Nicander of Colophon was a prolific writer who lived in the second century BCE. Despite the long list of his works cited by classical authors such as Ovid, Cicero, and Pliny, the Theriaca is one of only two of his substantial works that have survived.
A Useful Text
Nicander's pharmacological text focuses on the remedies for the bites and stings of snakes, scorpions, and insects and was commonly combined with his Alexipharmaca, which addresses plant and mineral poisons. In addition to describing the composition of these poisons and their symptoms, these didactic poems helpfully detailed specific remedies for each. Nicander’s works were transmitted in numerous manuscripts and early printed editions, testifying to the high regard in which they were held in the early modern period.

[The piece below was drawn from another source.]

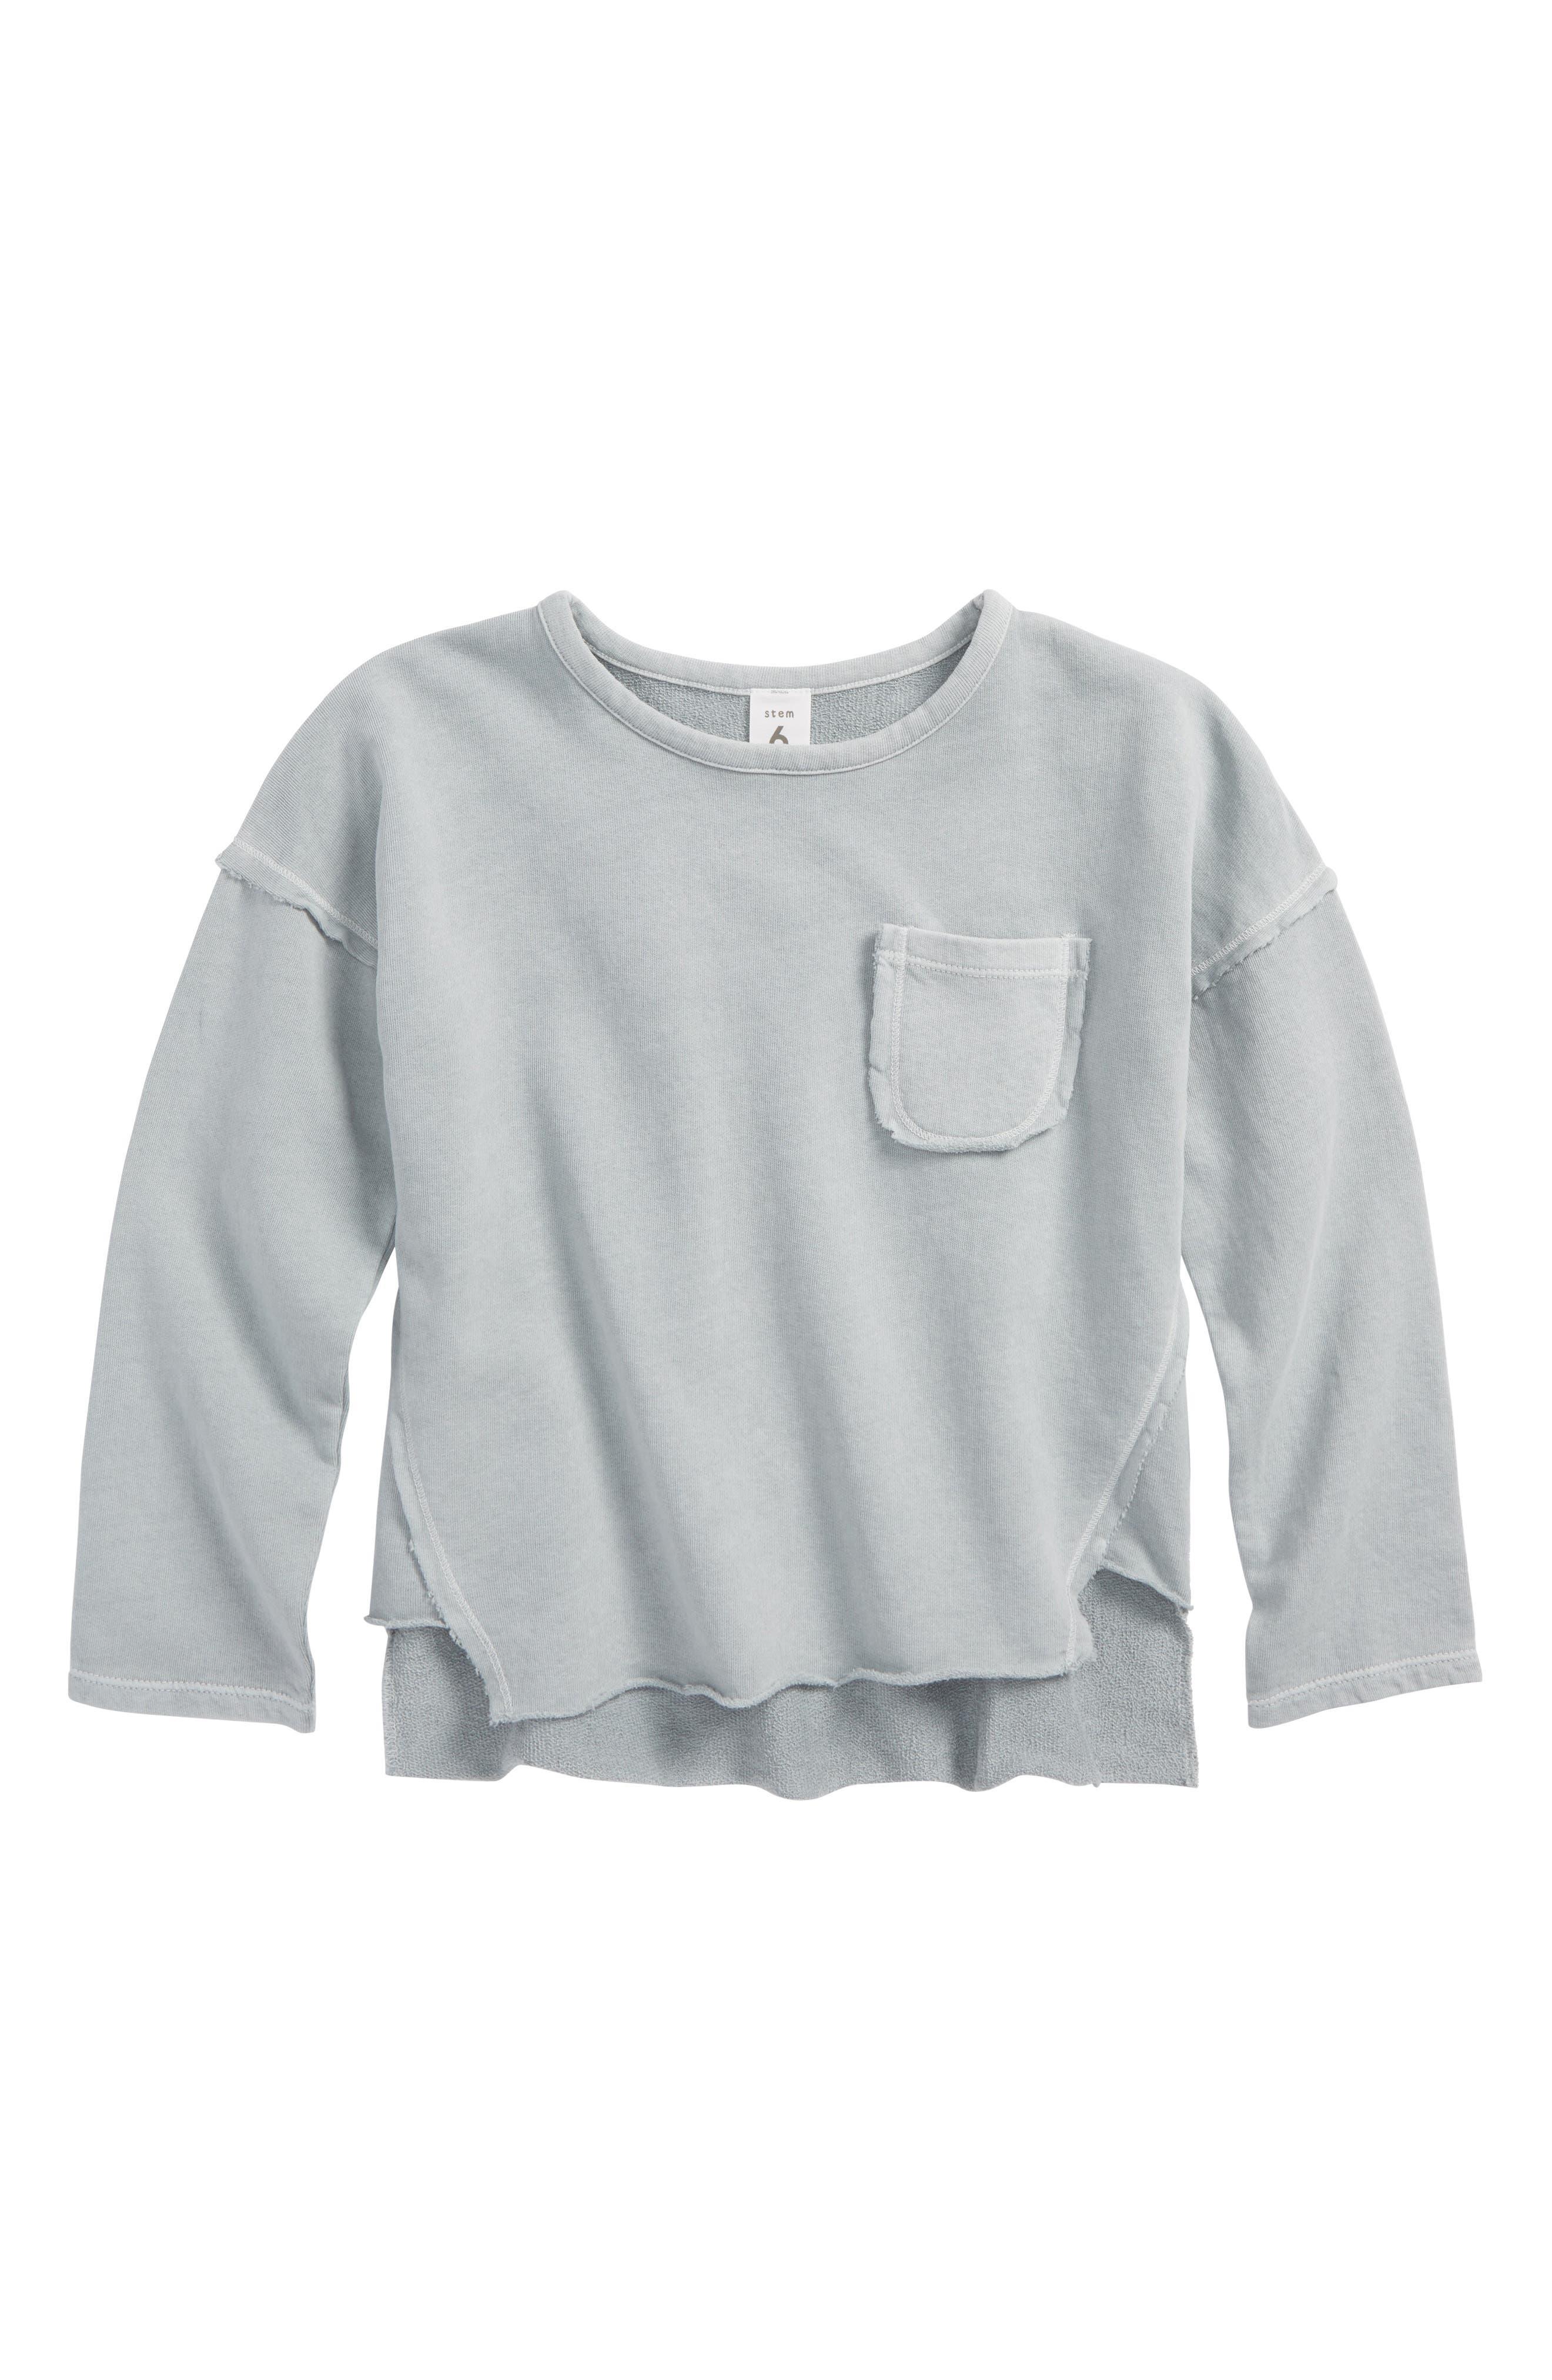 Pocket Sweatshirt,                             Main thumbnail 1, color,                             450

The text is noteworthy for its descriptions of several varieties of cobras, as well as the black widow spider and the wind scorpion (also known as the sun spider or camel spider). In principle, Nicander's text is devoted to poisonous creatures, but the bites of many creatures he describes, including the wind scorpion, are not poisonous.

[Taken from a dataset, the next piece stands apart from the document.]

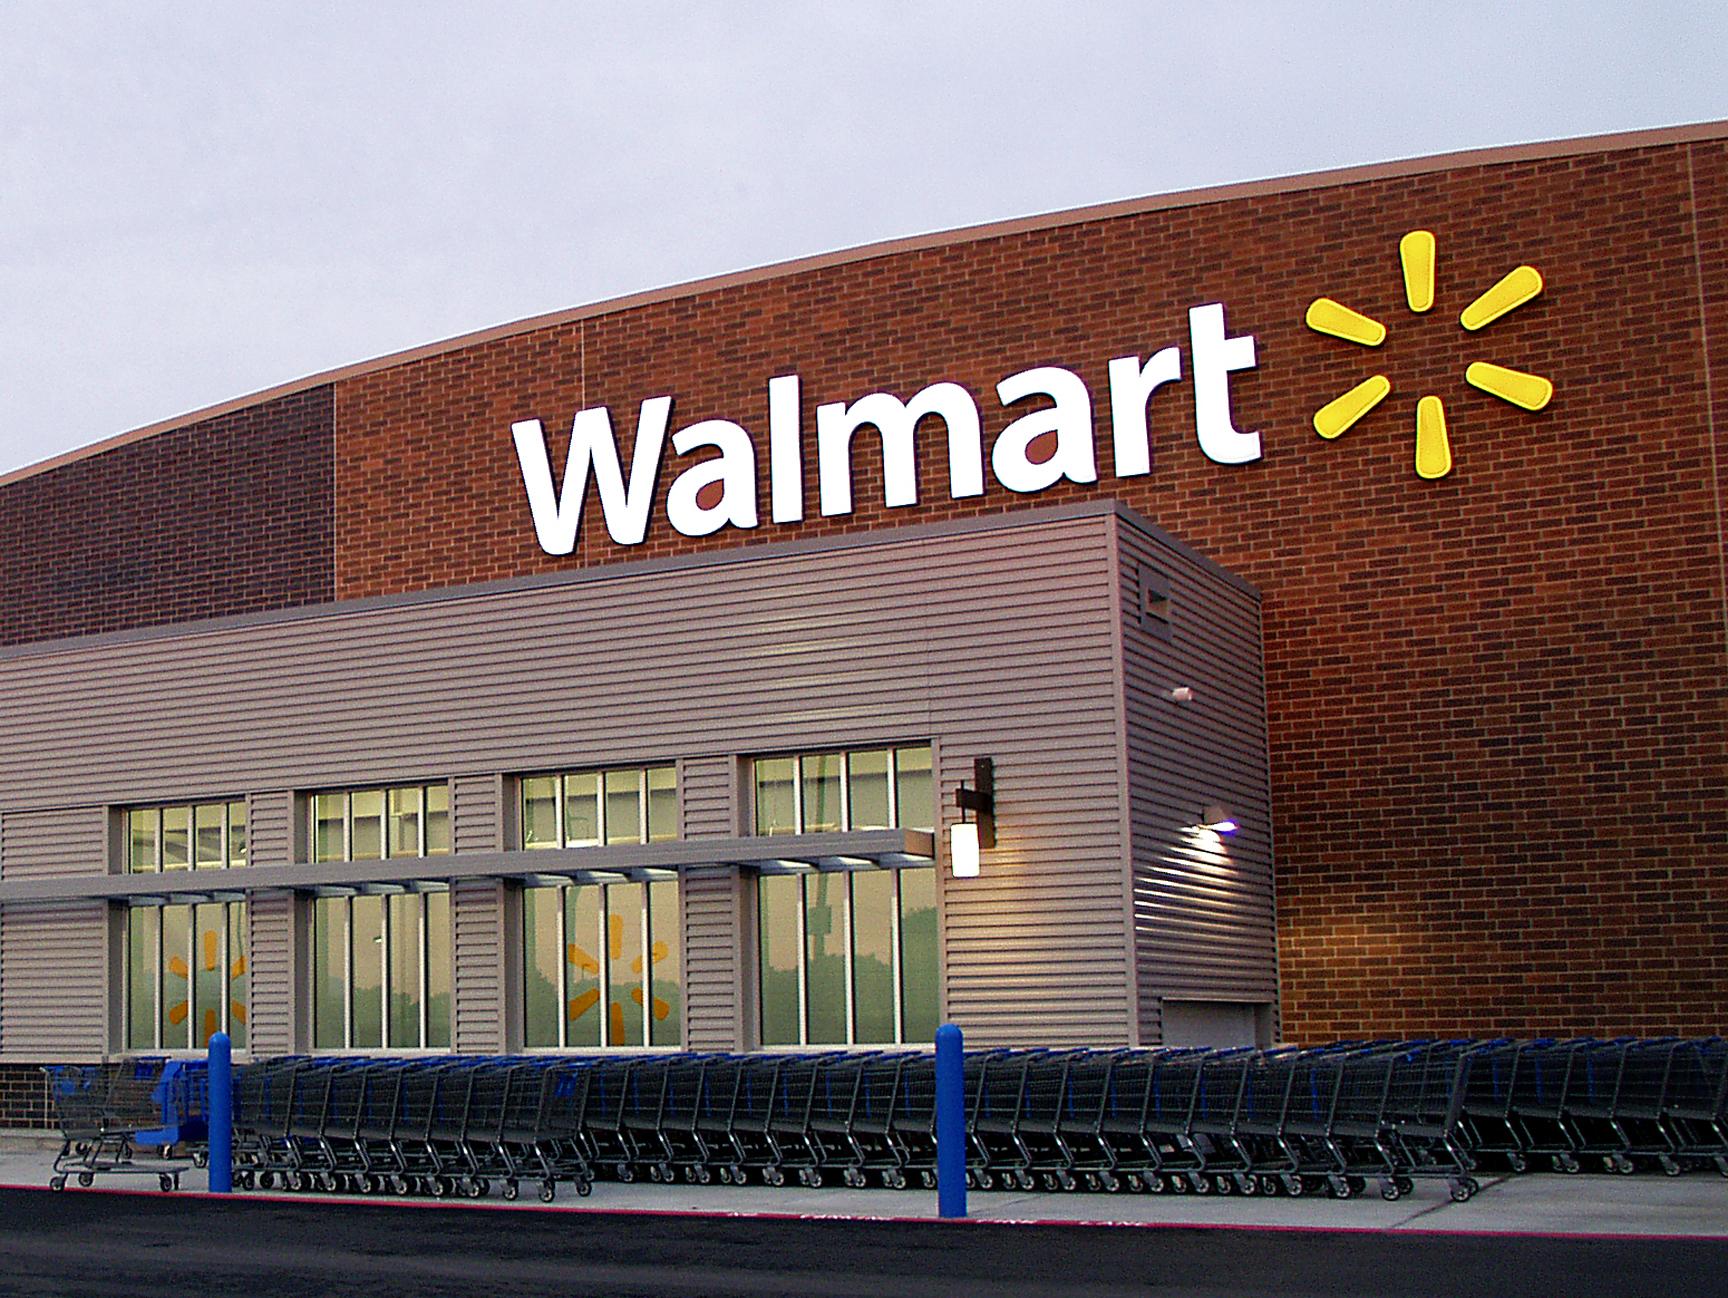 WalmartOne Login – Employee Associate Login at walmartone.com

Greek Texts and Spanish Humanism
Pedro Jaime Esteve, who fashioned the Latin translation and provided the commentary, was a professor at the University of Valencia, teaching medicine and mathematics. He dedicated his translation to Bernardo Simón, a leading citizen of Valencia.
Esteve's translation was one of several scholarly inquests into classical Greek texts in the fifteenth and sixteenth centuries. His translation was the third Latin rendering of the Theriaca, and the second in hexameter, but it was the first that was made entirely from the Greek text.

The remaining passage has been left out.